= Sena Moon =

South Korean writer and translator

Sena Moon is a South Korean writer and translator. Her work has appeared in numerous publications, including Kenyon Review and Boulevard, and has won several prizes. A graduate of the University of Michigan Helen Zell Writers' Program, she is a 2024–26 Stegner Fellow at Stanford University and considered an emerging fiction writer by PEN America.

== Career ==
Moon is a graduate of the Helen Zell Writers' Program at the University of Michigan and a Stegner Fellow in fiction at Stanford University in the 2024–26 cohort. Her fiction has appeared in Kenyon Review, Guernica, and others. Her nonfiction has appeared in The Fiddlehead.

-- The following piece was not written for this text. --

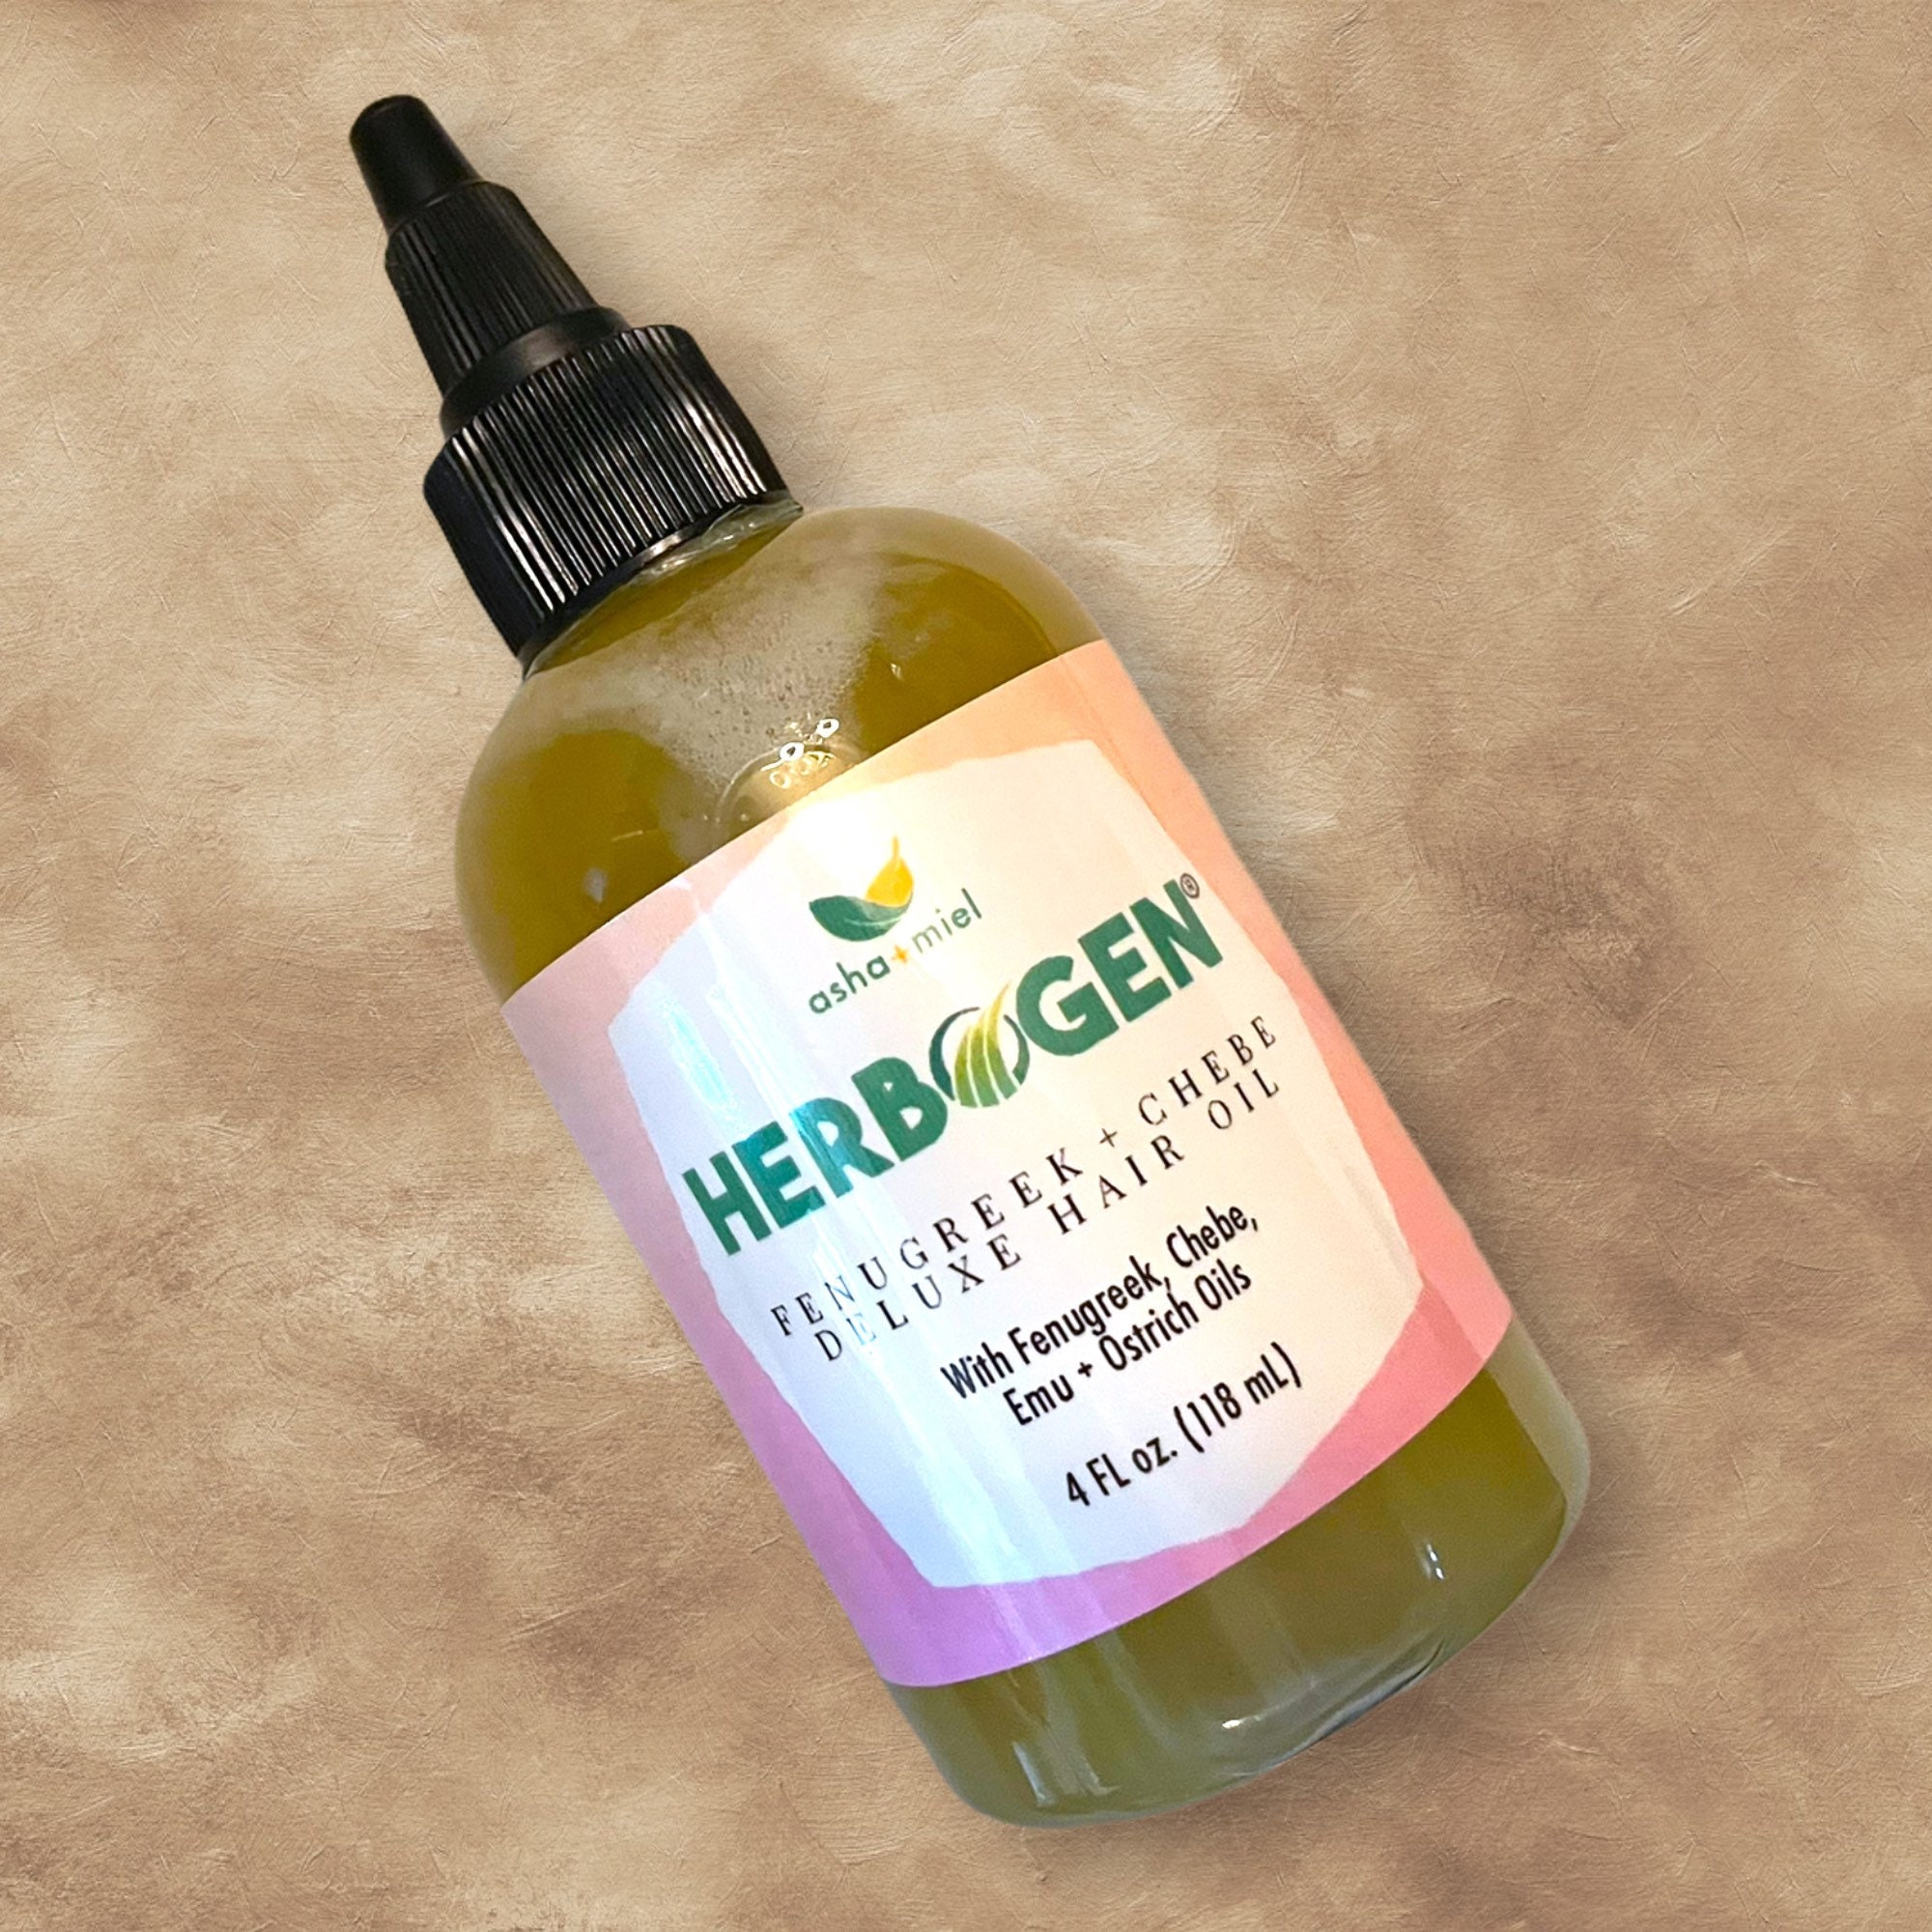 Potent Fenugreek and Chebe Deluxe Hair Oil, Chebe Oil, Hair Growth, Fenugreek

Moon has won several contests for her writing. In 2018, she won third place Glimmer Trains Short-Story Award for New Writer. In 2019, Moon's short story "Homing Spoons" won Boulevard's Short Fiction Contest. In 2020, Moon won the PEN/Robert J. Dau Short Story Prize for Emerging Writers for her short story, "Dog Dreams", which appeared first in Quarterly West. It was subsequently published by Catapult in the anthology, Best Debut Short Stories 2020: The PEN America Dau Prize; in the anthology's introduction, editor Yuka Igarashi called it "beguiling". As a recipient of the prize, Sena Moon has continued to receive support from PEN America as an emerging fiction writer. In 2021, an excerpt of Moon's novel-in-progress, Familiar Strangers, won second place in the CRAFT Magazine First Chapters Contest. In 2023, her short story "Slow and Then Fast" won the Carve Magazine Prose & Poetry Contest.